**WHAT YOU SHOULD DO**
Produce a word-for-word copy of the listing below without its pictures.

**DATA PROVIDED**
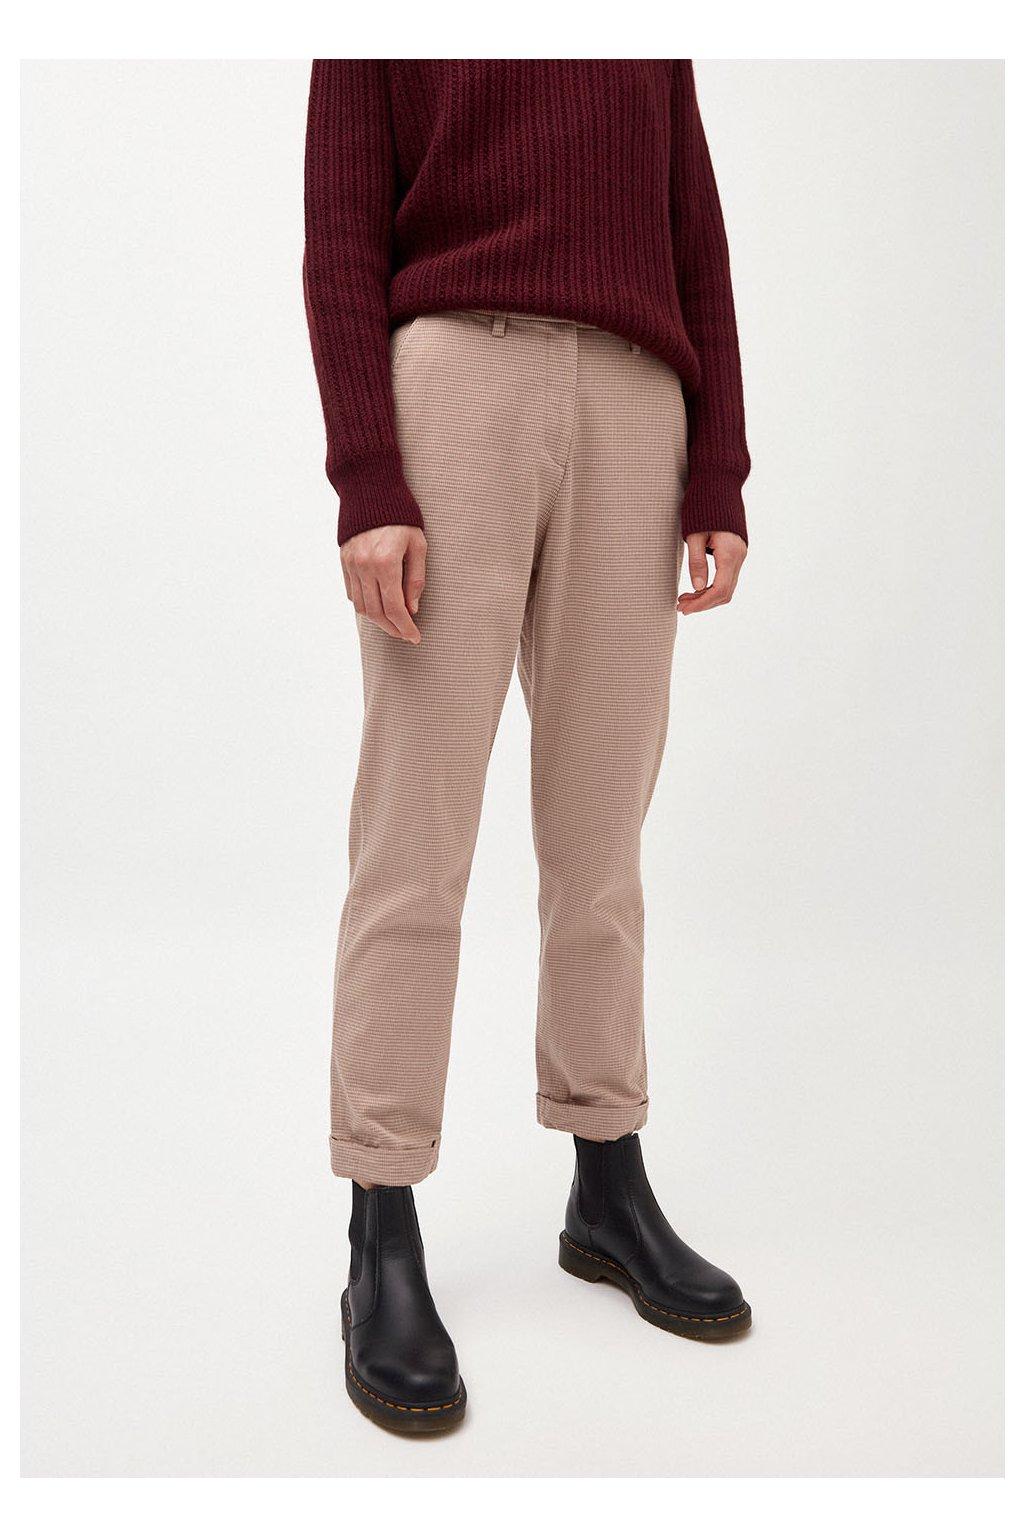 "Dámské kalhoty se vzorem ""HELLAA dark caramel"" (Velikost L)"
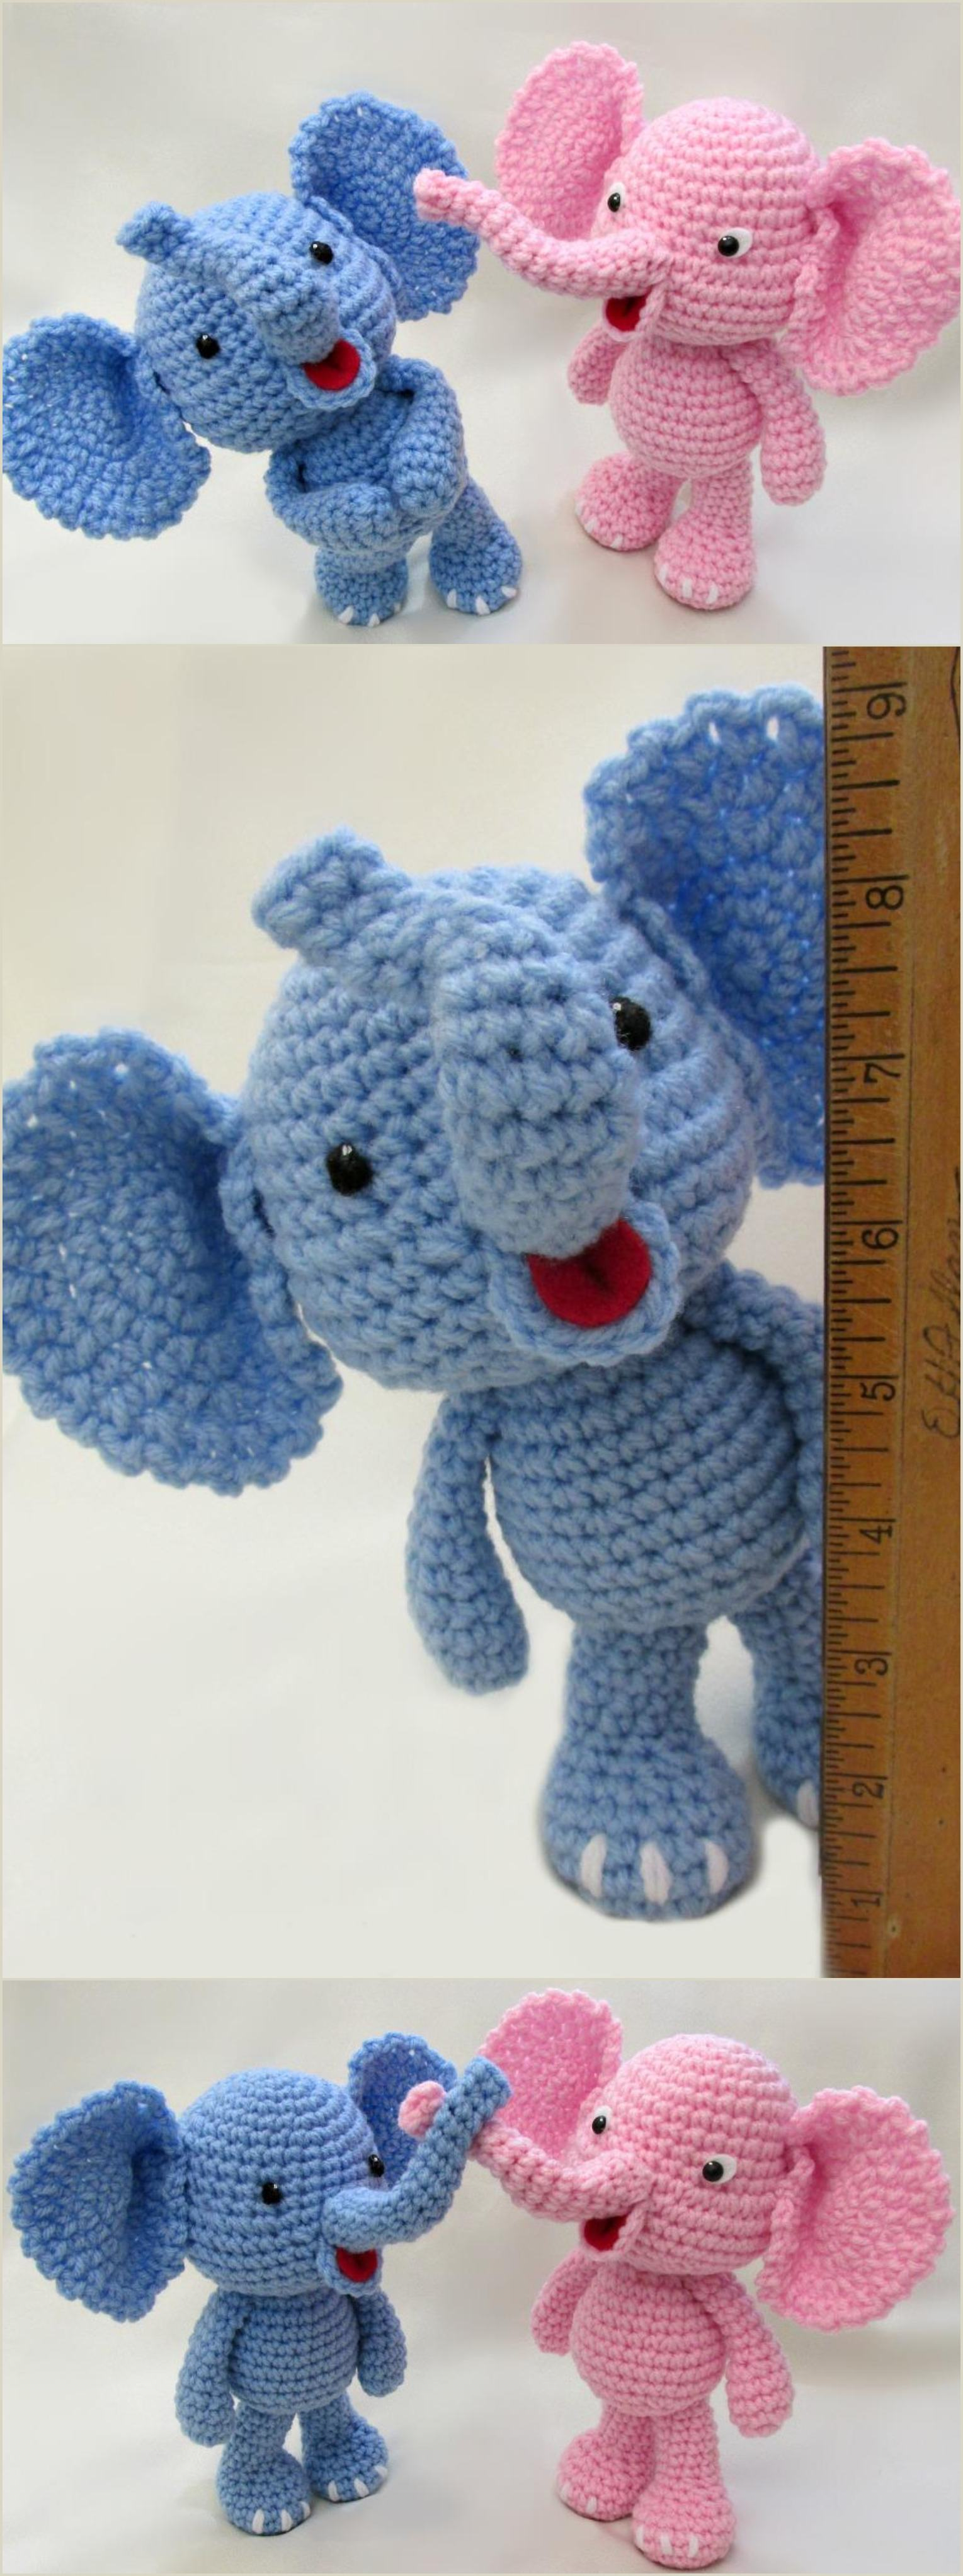 Amigurumi Elephant Free Crochet Pattern | 4088x1529
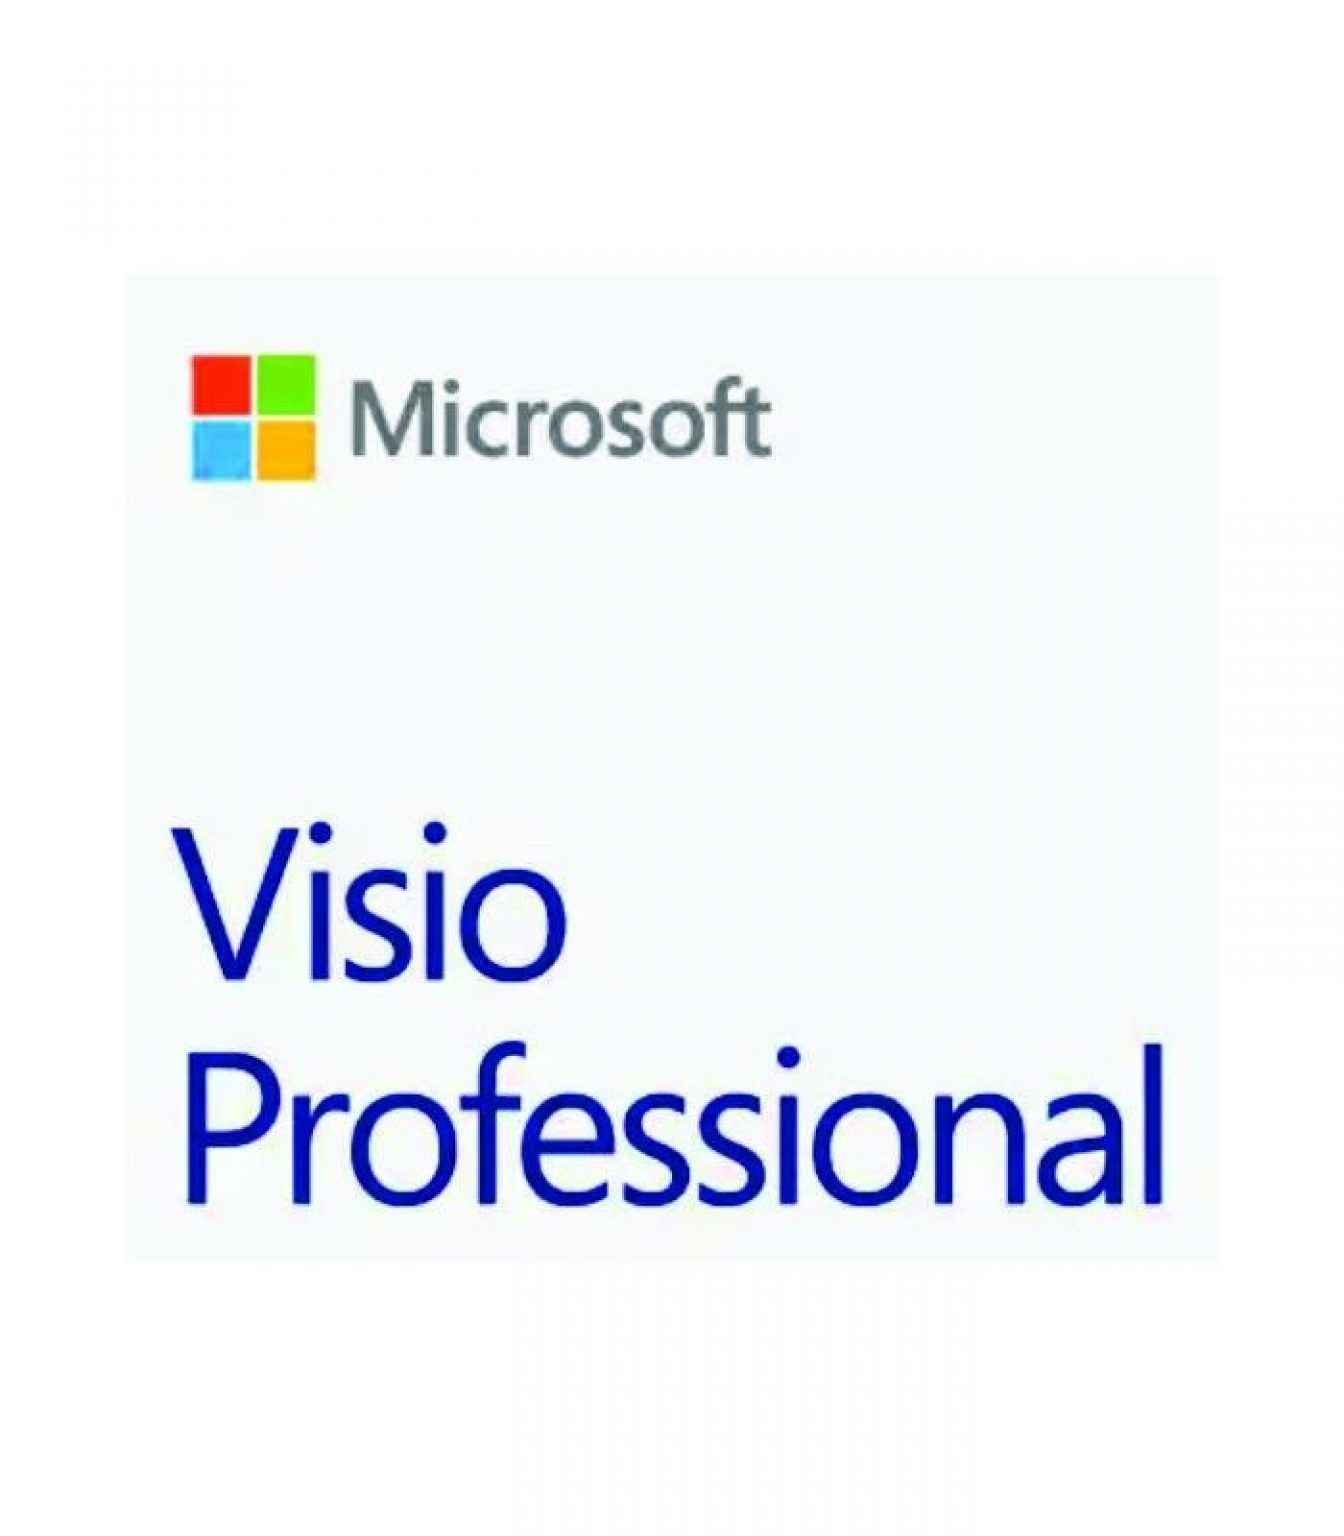 MICROSOFT - [Visio Professional]VisioPro 2019 OLP NL Gov[Pemerintah]
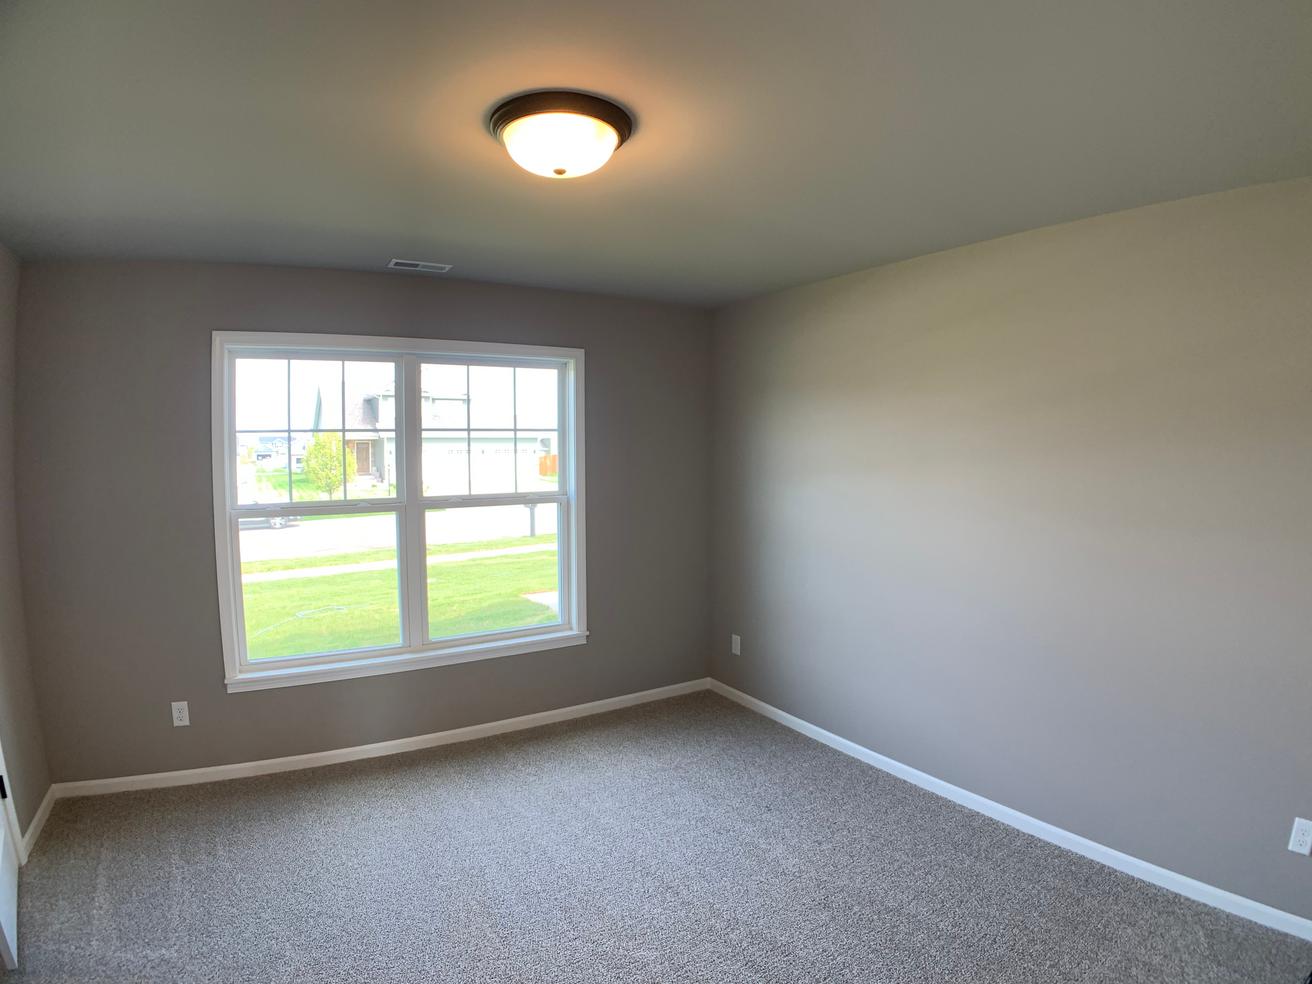 Taylor 3rd Bedroom 1

**YOUR SOLUTION**
 "Dámské kalhoty se vzorem ""HELLAA dark caramel"" (Velikost L)"
 Amigurumi Elephant Free Crochet Pattern | 4088x1529
 MICROSOFT - [Visio Professional]VisioPro 2019 OLP NL Gov[Pemerintah]
 Taylor 3rd Bedroom 1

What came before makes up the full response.